23  – The forces of A Commando arrived at Nicosia Airport just in time to mount a defence, via old city buses. They assumed fighting positions in and around the main terminal building, as a convoy of Turkish vehicles arrived at the north end of the airport, about 500 metres from the defenders. The main plan was to cooperate with the Greek Cypriot LOK in deploying a number of machine guns and anti-tank weapons (the Greeks had three 90mm EM69s), and allow the Turkish force to advance into the path of overlapping fire. However, the Turkish advance units spotted some of the enemy positions and commenced a general attack from the north.

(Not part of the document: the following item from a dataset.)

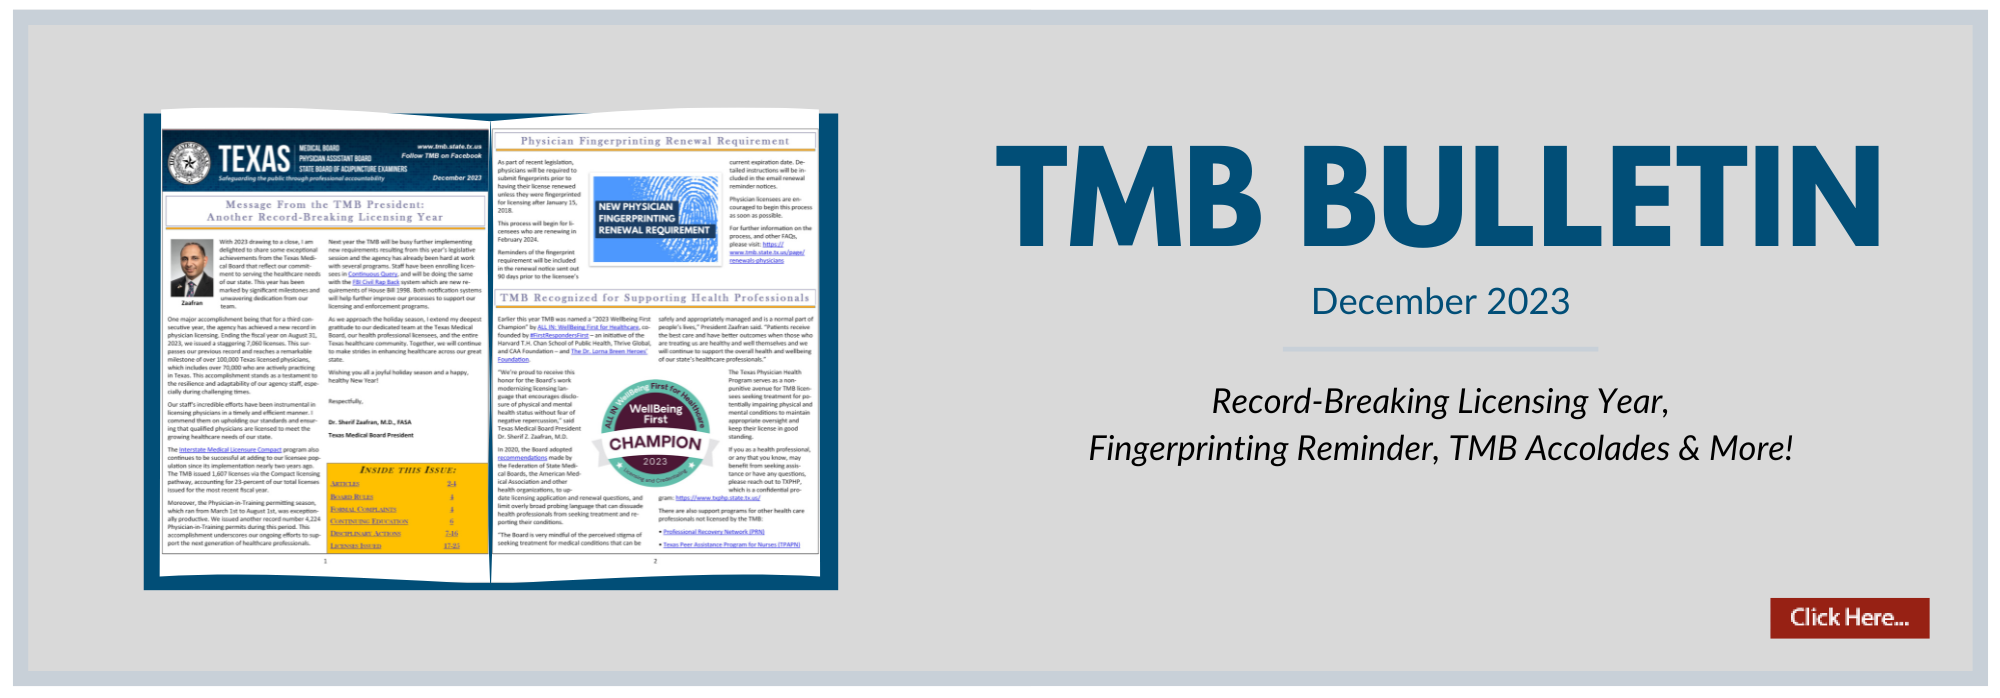 Latest TMB Bulletin Banner

The initial wave of around a company of Turkish infantry attack was blunted by heavy weapons and small arms fire from the 42 LOK and 43 LOK to the south, while the 41 LOK opened fire from the terminal on the flank. Conceding defeat, the Turks fell back to their original positions with significant casualties. The latter then regrouped and advanced again in battalion strength towards the positions of the 42 and 43 LOKs, braving a withering hail of bullets. In turn, the Turks commenced fire from their rear-line with a  mortar from the direction of an adjacent UN encampment. The Greek Cypriots now launched a counter-attack against the Turkish infantry within the airport perimeter by assaulting the ground troops with their five M8 Greyhound armoured vehicles.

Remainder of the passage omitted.